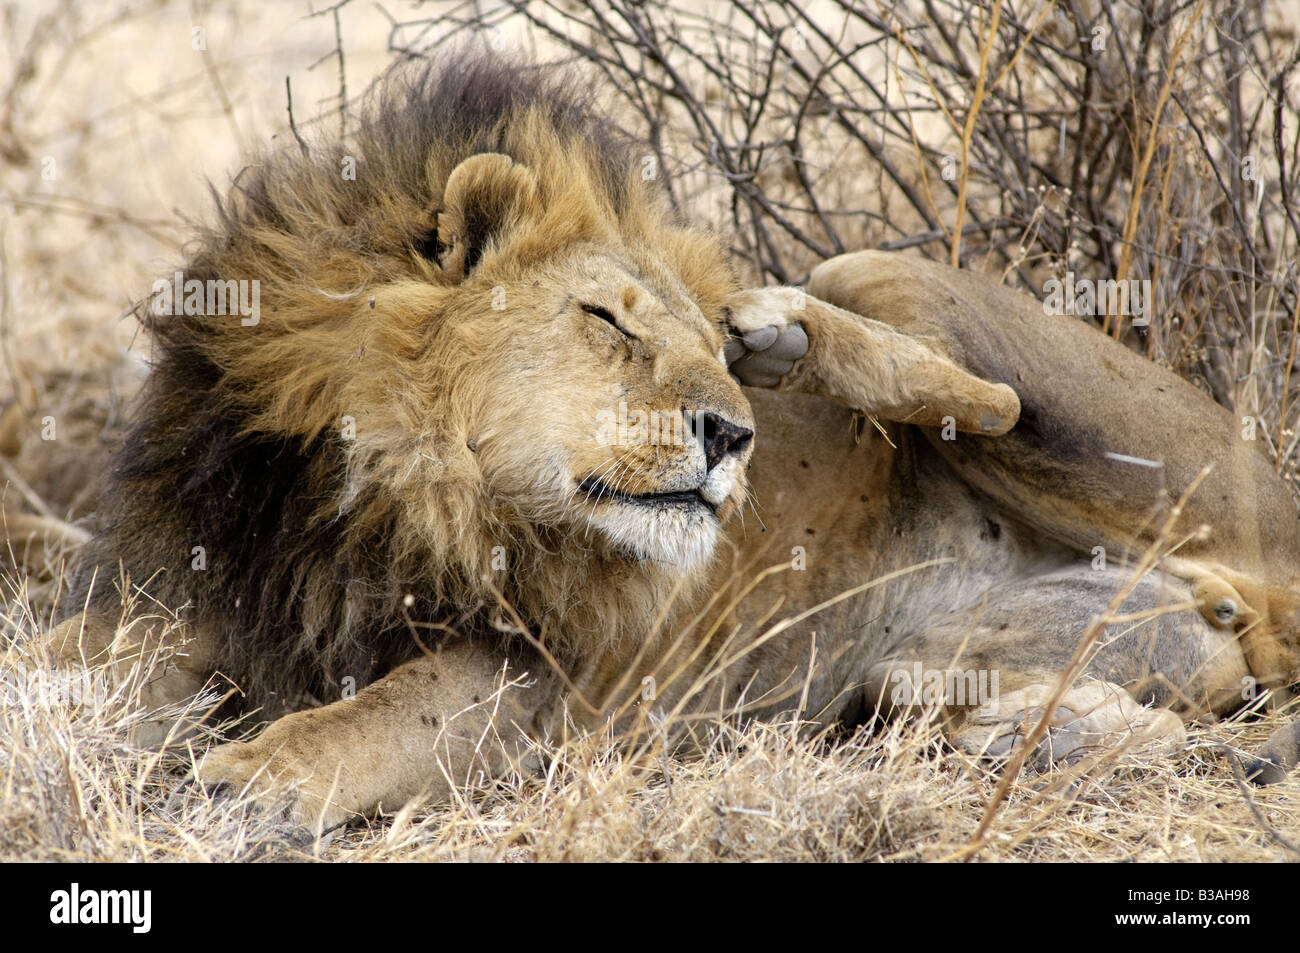 Männlicher Löwe Panthera Leo ruht kratzt sich den Kopf - Löwen verbringen in der Regel 20-21 Stunden am Tag ruhen, Ndutu, Ngorongoro, Tansania Stockfoto
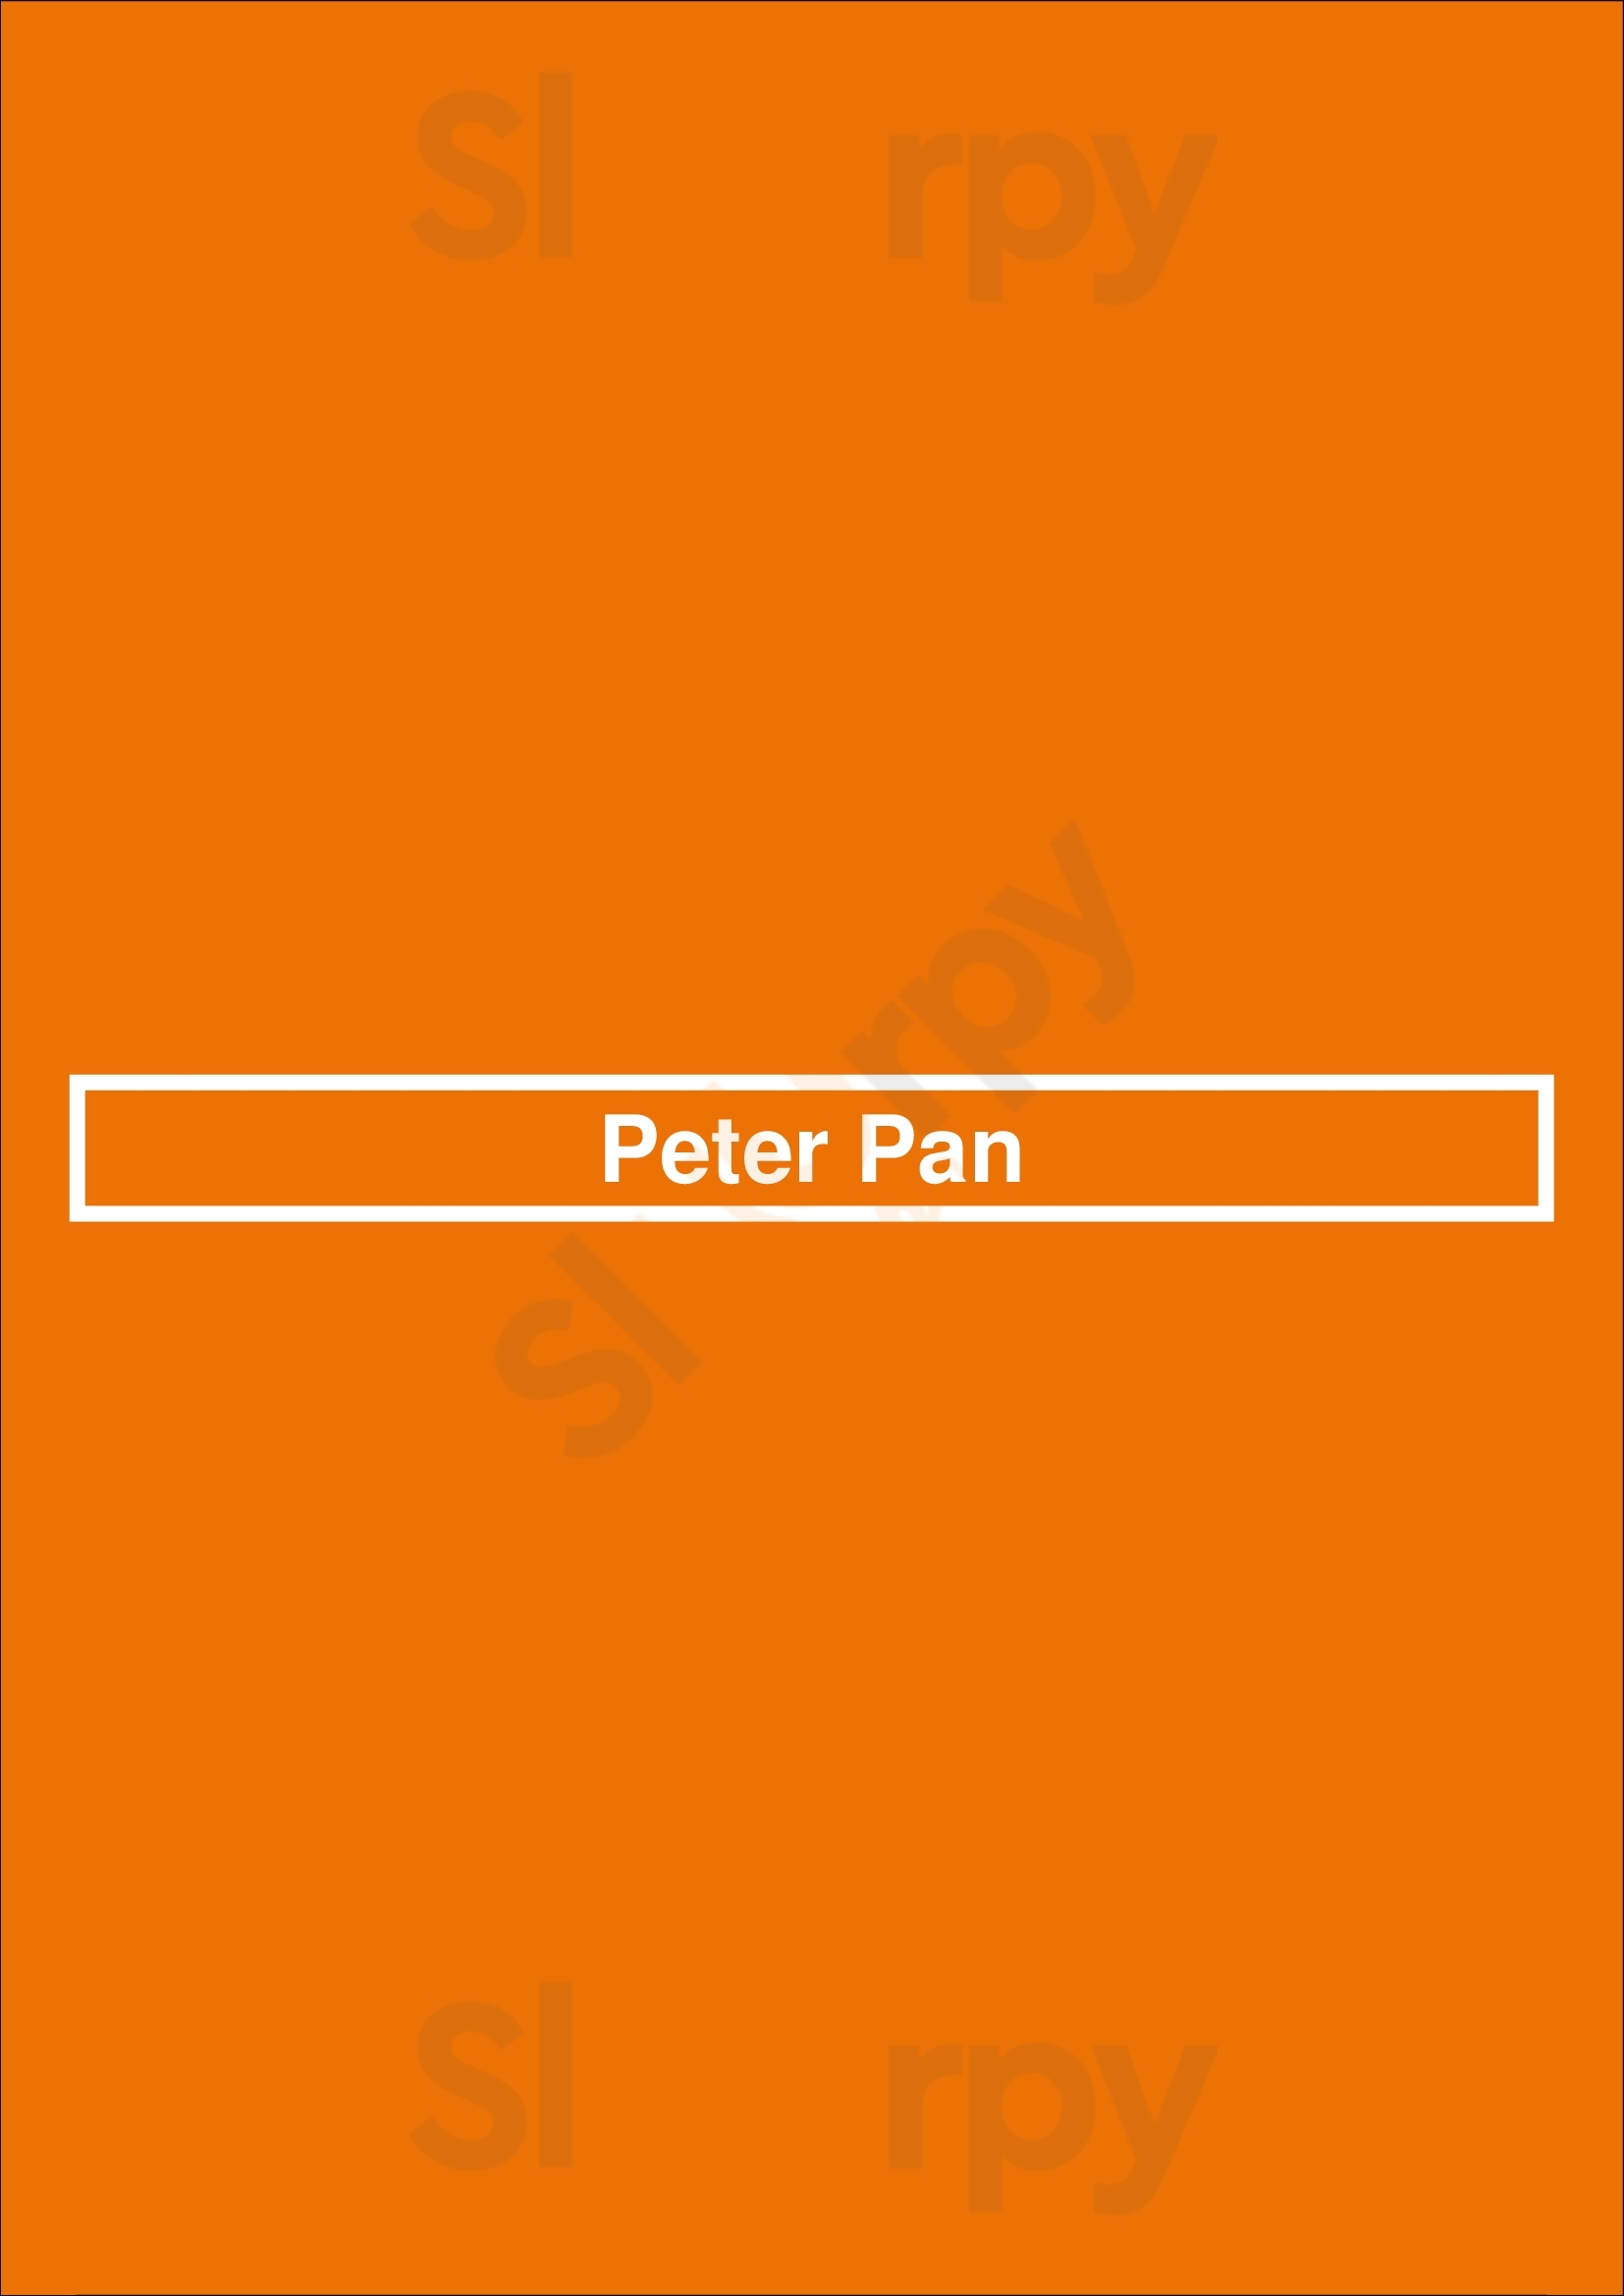 Peter Pan Toronto Menu - 1
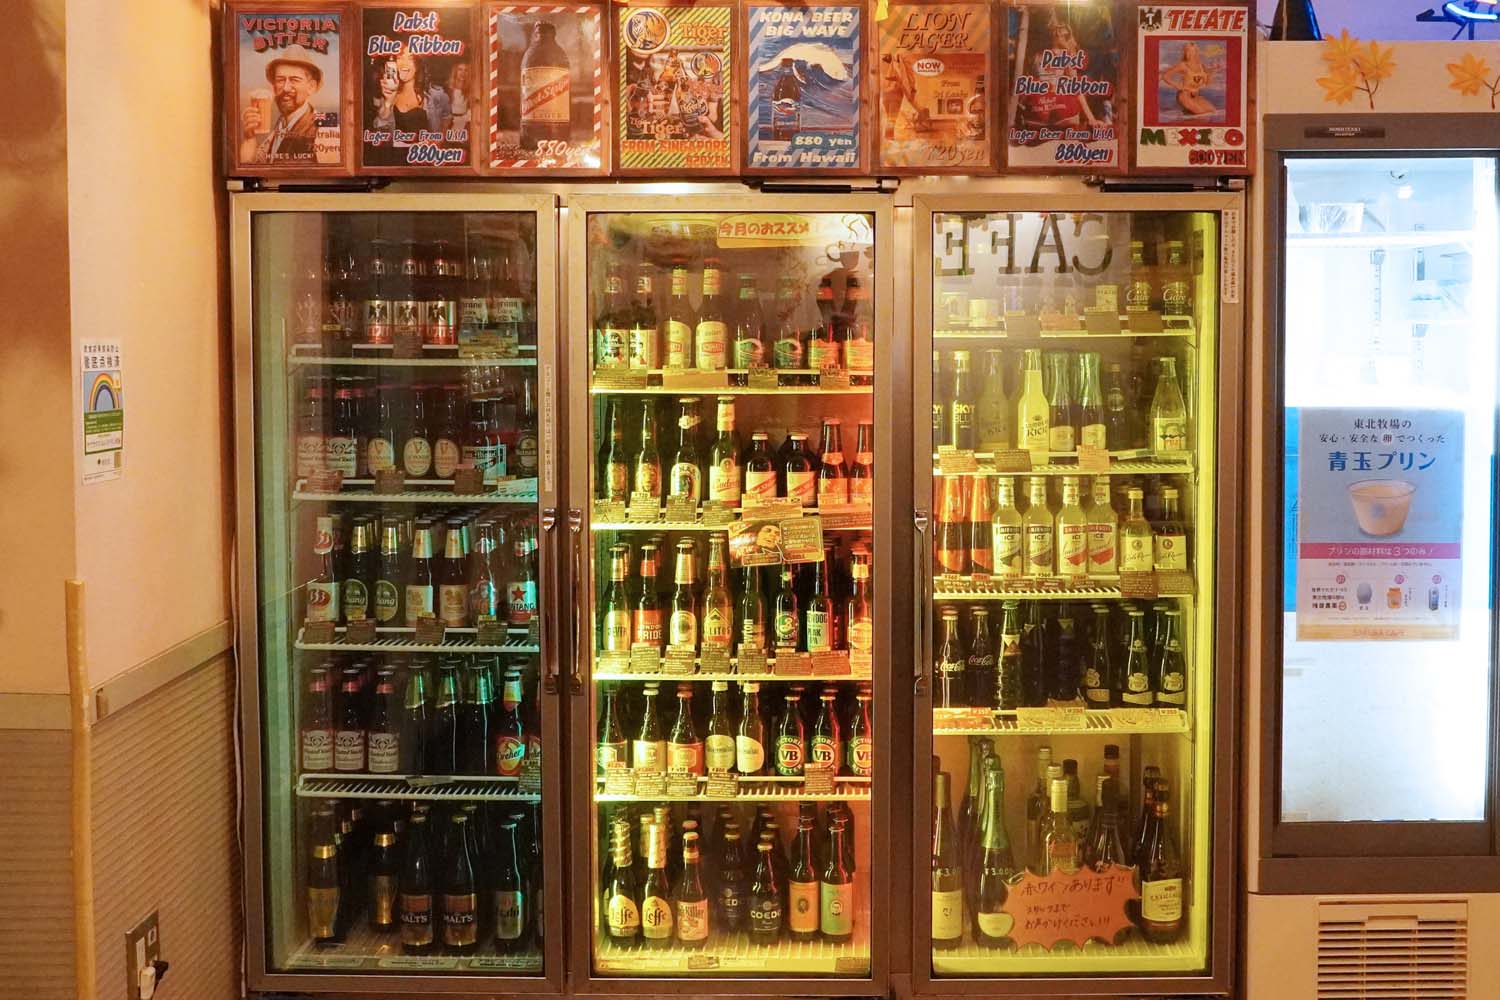 チェコやデンマーク、タヒチなど時期によって銘柄が異なる。ここでしか飲めないビールがそろう。

** PROMPT **
From the material above, reproduce everything verbatim except the pictures.

** WRITTEN RESPONSE **
 Männlicher Löwe Panthera Leo ruht kratzt sich den Kopf - Löwen verbringen in der Regel 20-21 Stunden am Tag ruhen, Ndutu, Ngorongoro, Tansania Stockfoto
 Peter Pan Toronto Menu - 1
 チェコやデンマーク、タヒチなど時期によって銘柄が異なる。ここでしか飲めないビールがそろう。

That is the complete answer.